Una rentabilidad del 17% que no existe
El caso de un hotel que parece una oportunidad, pero huele a trampa.
Hace unos días, un amigo que primero fue cliente me escribió con una pregunta sencilla:
¿Crees que podría obtener financiación bancaria para el 50% de la compra de este pequeño hotel?
Como siempre, la respuesta corta era “depende”. Pero tras mirar los números, la respuesta larga fue otra: cuidado. Esto parece más una trampa de valor que una oportunidad real.
Sobre el papel, el activo parecía impecable: una rentabilidad del 17% sobre el precio total, posibilidad de financiar el 50% con un préstamo del vendedor, y un buen ingreso anual. Todo encajaba. Demasiado.
Hola, soy Jacinto Castillo.
Esto es Prestar y Pedir Prestado, una publicación dedicada a la financiación corporativa y de real estate. Gracias, una vez más, por estar al otro lado. Este espacio existe por y para vosotros: entusiastas de la financiación empresarial que, como yo, buscáis descifrar las complejas estructuras financieras que moldean nuestro entorno económico en un mundo que evoluciona a velocidad vertiginosa.
Foto de Maximus Mazar en Unsplash
Un poquito de spoiler: Si la rentabilidad es excepcional pero el activo sigue estando disponible para la venta, lo más probable es que el valor no sea real.
Vamos a desmenuzarlo con este ejemplo
1. El reparto de valor
En esta caso, el operador explota el hotel y se lleva un 16% de la facturación. El resto, un 84%, va al propietario, que no asume ni el riesgo de ocupación, ni el coste del personal (buscarlos, pagarlos y consolidarlos), ni la responsabilidad del mantenimiento.

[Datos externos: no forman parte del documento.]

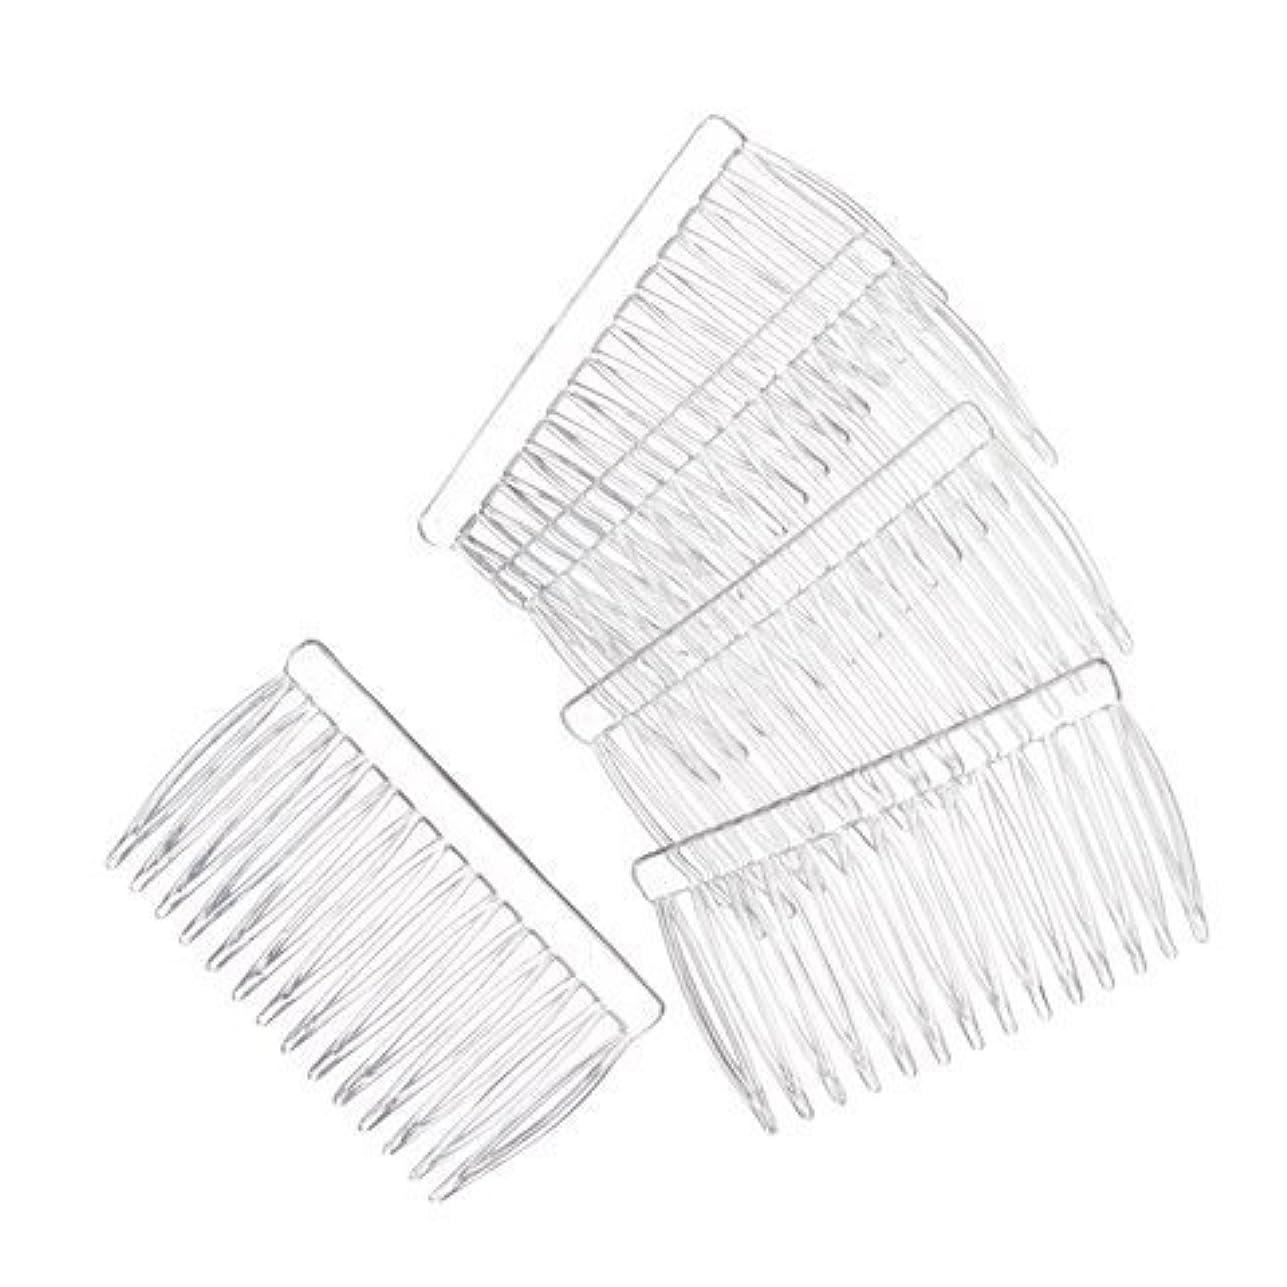 タイマープランテーション誘惑JUXINDA 14 Clear Plain plastic Smooth Hair Clips/Combs 2 3/4

Si este activo fuera tan atractivo, habría cola para operarlo. Por tanto, parece el activo está operado por un actor local con poca solvencia financiera. Y eso, lejos de dar certezas, introduce aún más incertidumbre sobre la estabilidad de los ingresos. De hecho, debería ser un motivo de freno para el equity incluso antes que para el financiador.
2. Los ingresos
A más a más como dicen en Cataluña, en este activo hotelero, se han incluido como ingreso 10.800 euros al año por el restaurante del hotel, calculados como si estuviera alquilado a precio de mercado.
Pero no hay arrendatario.
Es un ingreso potencial, no real. Y sin contrato firmado, cualquier analista lo descuenta por completo del NOI. Este tipo de ajustes no debes admitirlos si estas comprando rentabilidad (qué, casualmente, es lo que te suelen vender en estos casos)
3. Págalo cómodamente
En este caso, además, el vendedor ofrece financiar el 50% del precio a cuatro años vista.
Esto ya es de aurora boreal como dice algún periodista.
Vamos a ver. Estamos hablando de un activo inmobiliario de un importe relativamente pequeño, y en este tipo de operaciones los pagos aplazados no existen como norma. Si existen, lo habitual es que se cancelen con la deuda hipotecaria o que el vendedor los estructure de forma que no tengan recurso al activo.
Pero lo mejor es que lo proponen como “vendor loan” como se dice en la jerga de M&A. Vamos que lo han intentado colocar como activo inmobiliario y por “casualidades del destino” le ha caido a un broker de compraventa de empresas y le ha metido lo mejor de los 2 mundos.
Cooked como dicen los americanos.
4. Location, location
No mencionaremos la localización exacta por confidencialidad, pero estamos hablando de un entorno con demanda turística estacional, sin liquidez estructural, y sin operaciones comparables recientes. Comprar en mercados así puede ser una apuesta legítima si se tiene experiencia, control operativo y horizonte largo.
Pero si dependes de una venta posterior, la salida puede ser mucho más difícil de lo que sugiere la hoja de cálculo. Vamos, que es un mercado muy estrecho y que como te equivoques, la única forma de salir es un con un buen descuento…o utilizando un vendor loan como el propietario actual…
Esto es lo de siempre, el papel soporta todo. No todo lo que brilla en una hoja de Excel o un ppt de colorines es oro. Este hotel puede tener encanto, pero de momento, lo único que genera con certeza es una duda razonable. Mejor parar, preguntar y que el vendedor responda. Si supera la prueba, hablamos.
Y un tip práctico para terminar: cuando en operaciones pequeñas veas una rentabilidad muy por encima del mercado, pide siempre el contrato de arrendamiento o de gestión y el extracto bancario de los últimos seis meses. Si no alguno de los dos, no hay ingreso. Y si no hay ingreso, no hay valor.